Book Read Free

Kiss The Girls and Make Them Die

Page 8

by Charles Runyon


  Thinking. His brain was like a hard-packed swirl of sand. He looked out on the lawn and watched the night shadows take on substance and form.

  The eyes are everywhere. The nightmares of the patients leak out through the bars and hump across the lawn. In the women’s section I see Wanda bending over a water fountain, her head falls in, the severed stump spurts high, blends with the light. Not my vision. Whose? Chauncey’s maybe. I see him two windows down, his skinny legs bent like a kangaree’s inside his baggy shorts. Chauncey DePugh is a gentleman born, but he has a weakness for what he calls “Pretty Ladeez.” In his weakness he sneaks up behind them and pinches their tits, then runs.

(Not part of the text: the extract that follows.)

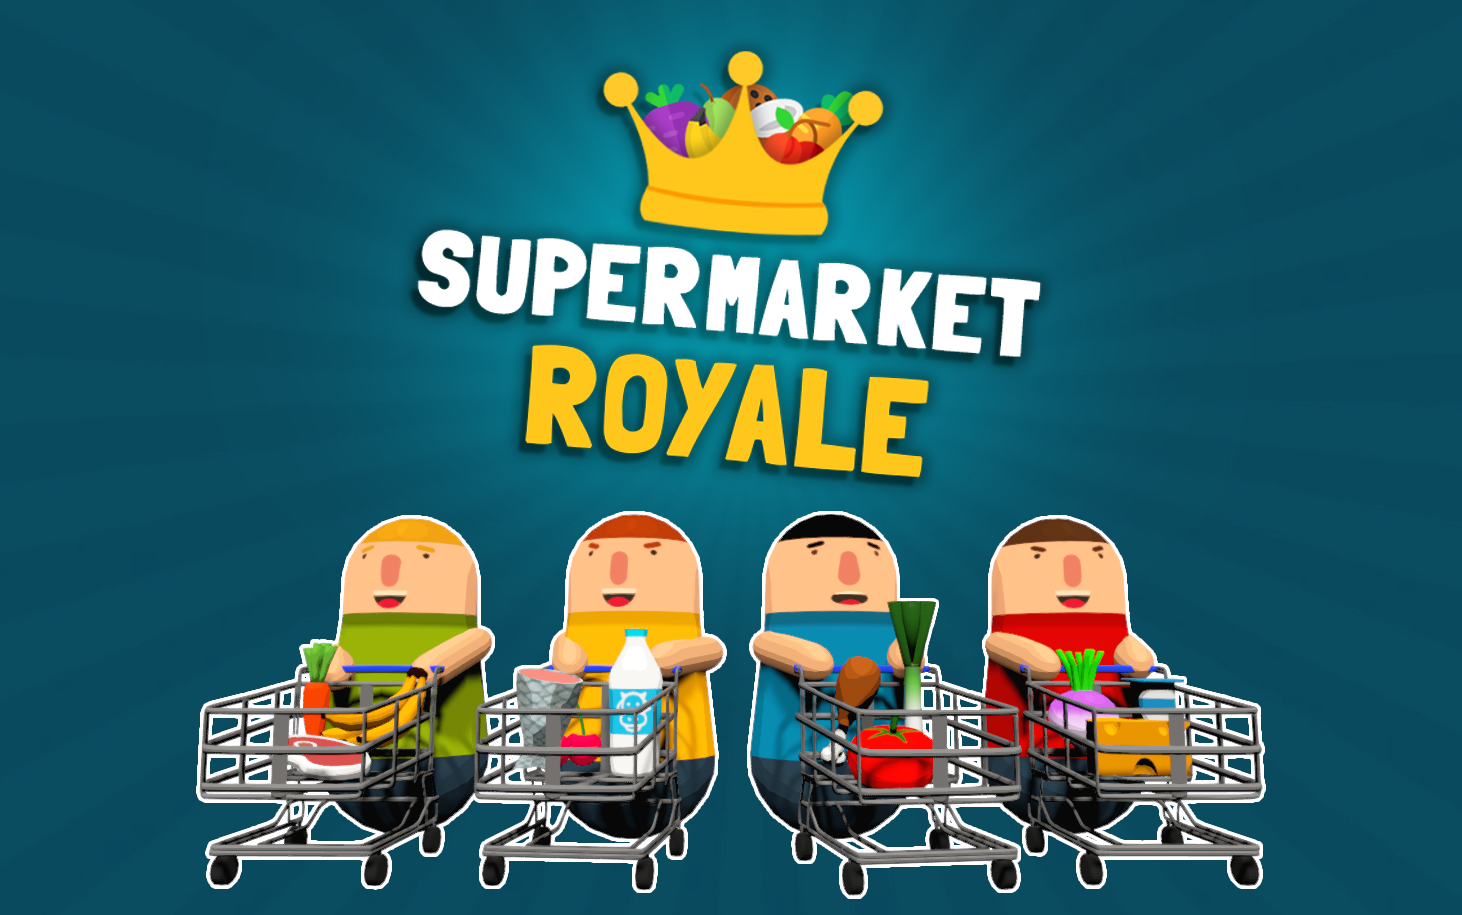 Supermarket Royale

  A dog slinks under the hedge—no, it’s a prince bewitched, locked in a dog’s body, waiting for the love-kiss which will give back his beauty. Whose is that? Pat’s probably. Shankara speaks to her at night. You are frightened of snakes which do not exist, he says. Once you see they are merely frayed ropes, you will realize that your fear is baseless. Yes! Says Pat. Yes! Yes! She calls aloud in her sleep: They are ropes, only ropes! But they keep biting her.

  The loud ringing in my ears is Edgar’s. He’s a civil engineer, got papers to prove it. The dent in the back of his skull looks like a catcher’s mitt. It’s been there since his car jumped the guard rail on the Clark-Street overpass. Twelve years now, and his head is still full of white light.

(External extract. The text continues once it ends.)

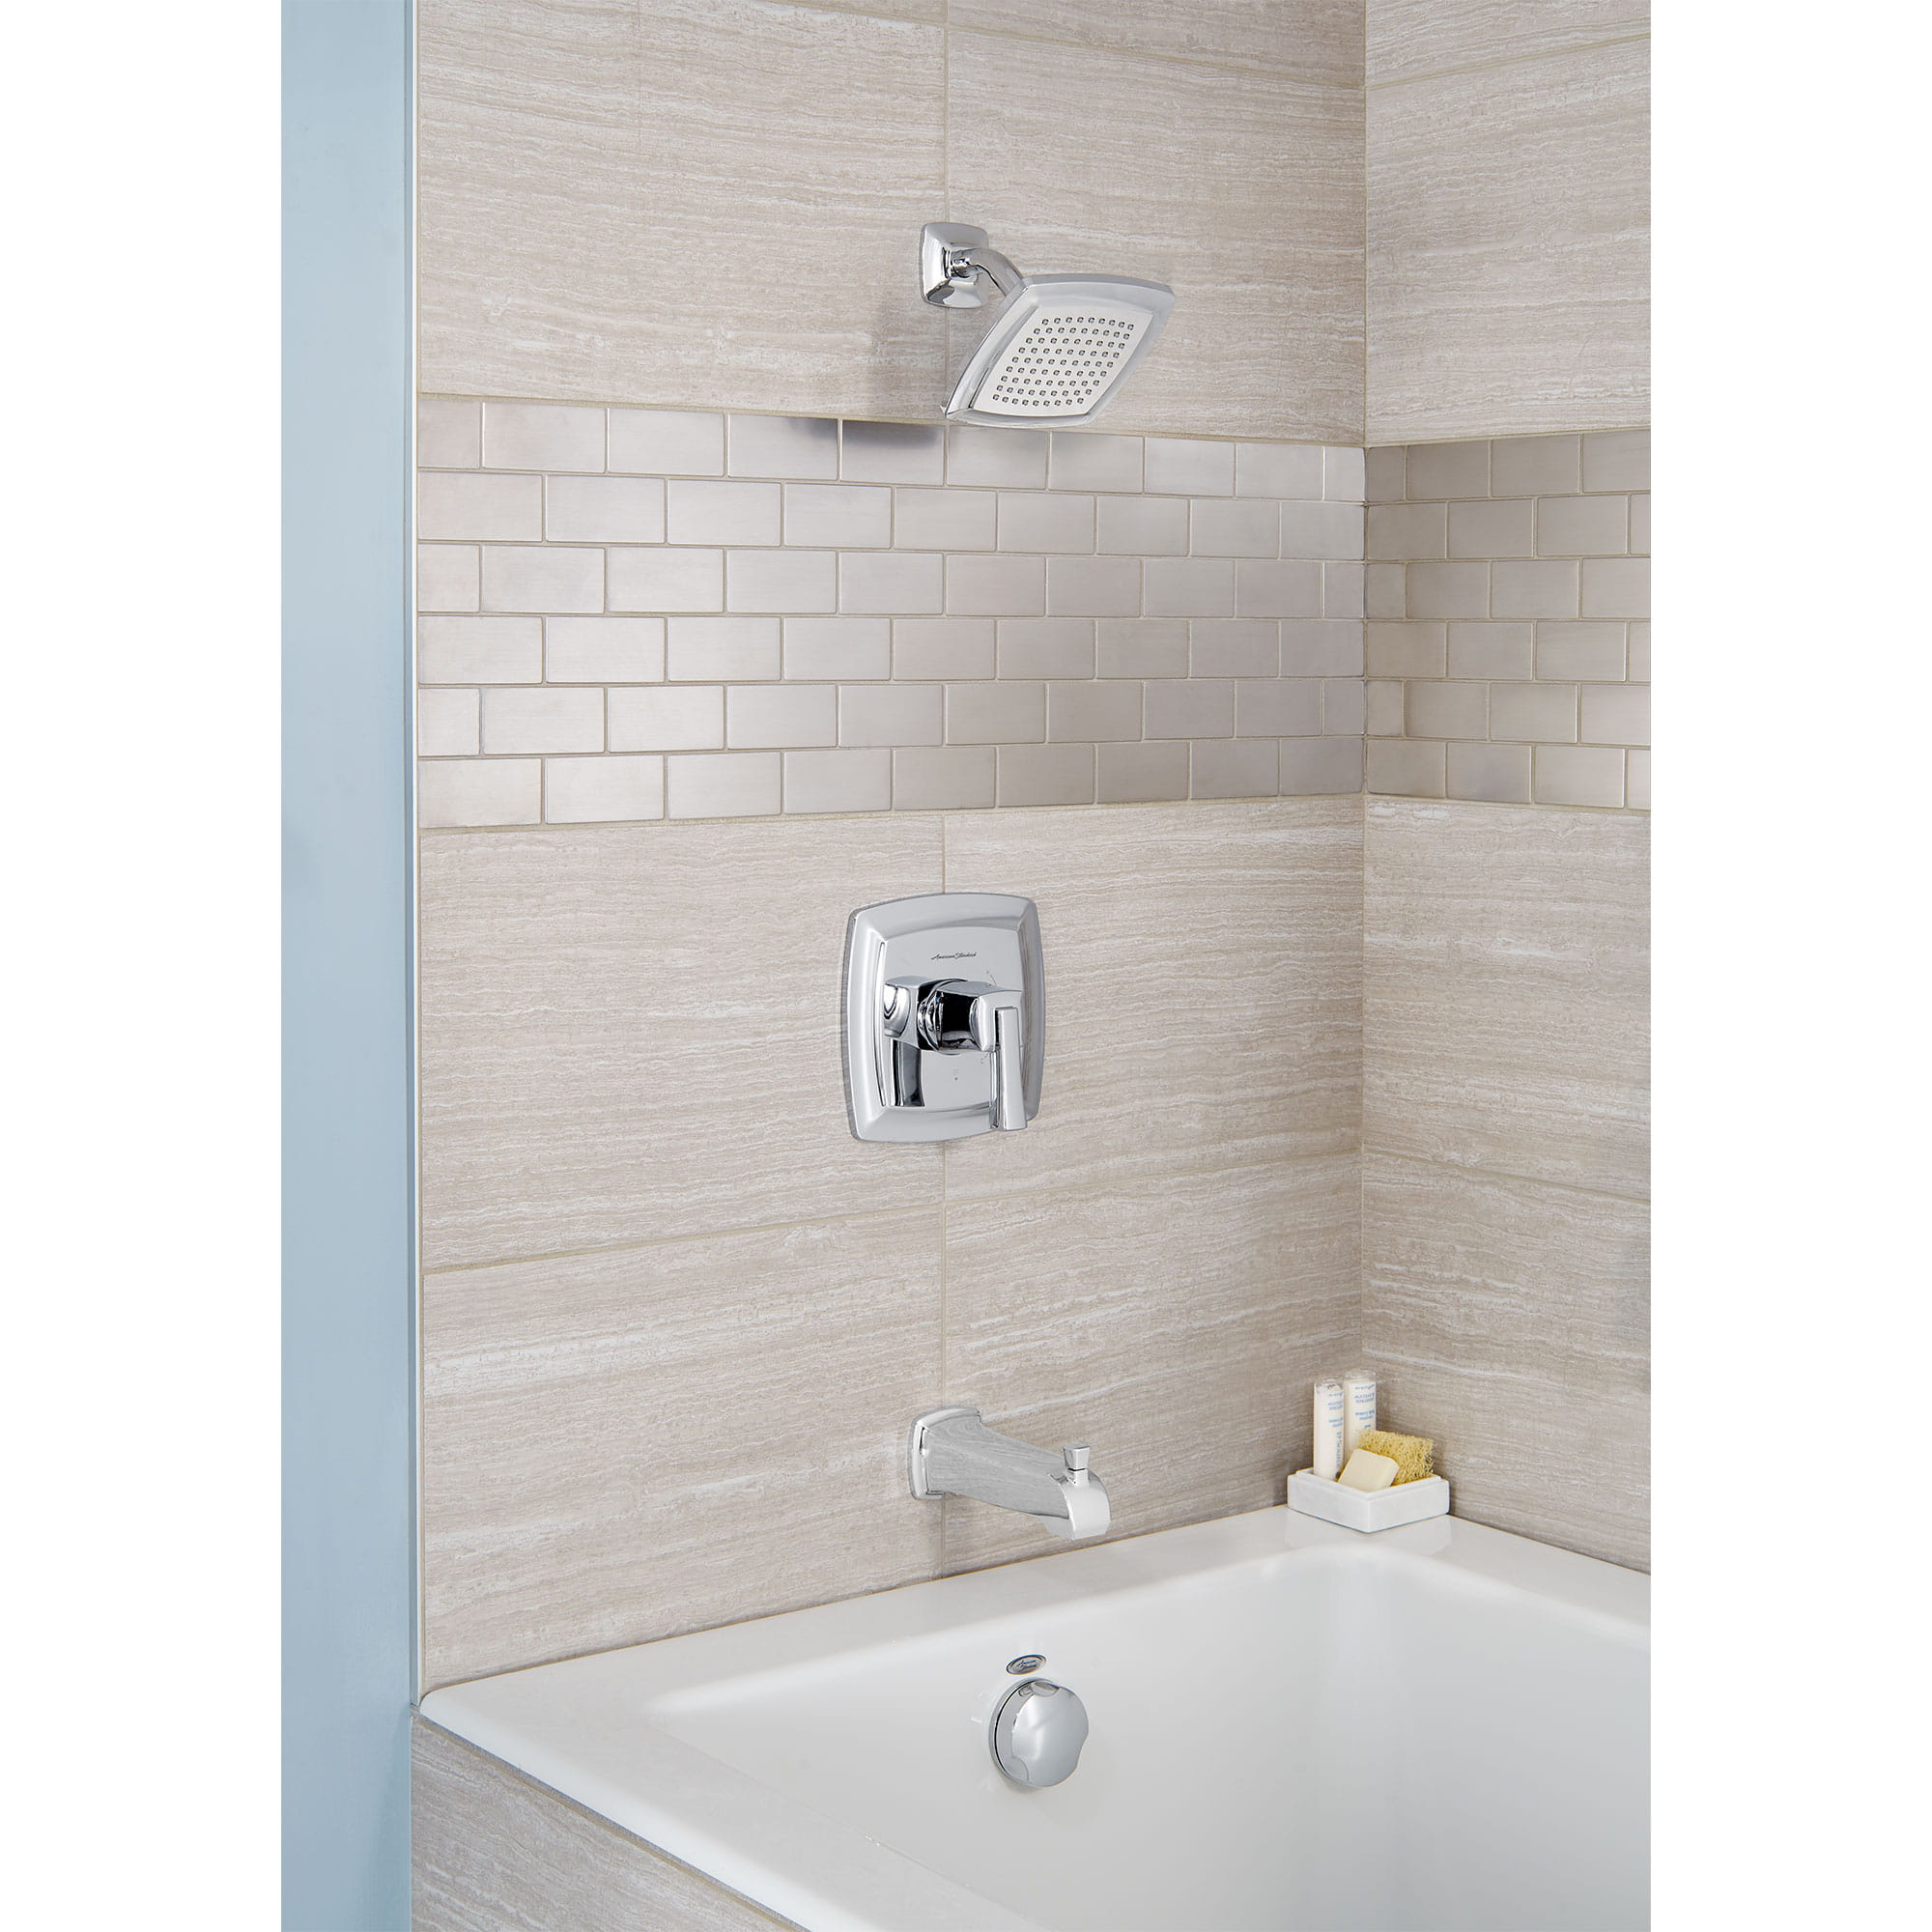 T555502.02 American Standard Chrome TownSquare Bath/ Shower Trim Kit Only NIB

  Squeak-squeak. Gentleman Jack has worked his hands free of the straps. They told him when he was a child that excessive masturbation would drive him crazy. Now he is where he always expected to be, so he has nothing more to lose.

  Alvin moans. He used to get slapped for crapping in his rompers: now he sleeps with his anal sphincture clenched. Every few days he is sedated, and a special spoon used to dig the impacted feces out of his colon.

  Ashcroft tosses and turns, while hunger pains growl in his stomach. He’s scheduled for E.C.T. at dawn tomorrow, and his bowels must be kept empty because when the juice hits your skull everything goes …

  My fellow patients: I feel like winter has come outside, because here there is no light, no joy. Where are my friends from the dawn of the New Age? Stillborn. A message for humanity. Get this, you cocksuckers. We came bearing flowers, you gave us murder and brutality. Now you can just wallow in your own shit …

  Behind him, Loren Grooms got up from his cot and marched toward the bathroom. Hup-two-three-four. Grooms was a war hero. He didn’t look it though: narrow skull patched with gray hair, yellow bleached-out skin drawn tight across his forehead and around his eyes, the mark of a schizo. Grooms won a silver star and a bronze star, killed a helluva lot of Nazis and would’ve knocked off a few Japs too if he hadn’t started getting headaches. Grooms often saw Japs and Germans out on the lawn at night. He got furious when Danny didn’t follow hospital rules. You folla orders, Mac, and nothin’s gonna happen to you.

  Grooms stood at attention outside the latrine. Danny called: “Col’m right, HARCH!” Grooms entered, dropped his shorts, and lowered himself to the commode stool, keeping his spine straight at a forty-five degree angle.

  Is Grooms psychotic? He won’t obey a command to walk into a brick wall, I’ve tried. Well then, am I?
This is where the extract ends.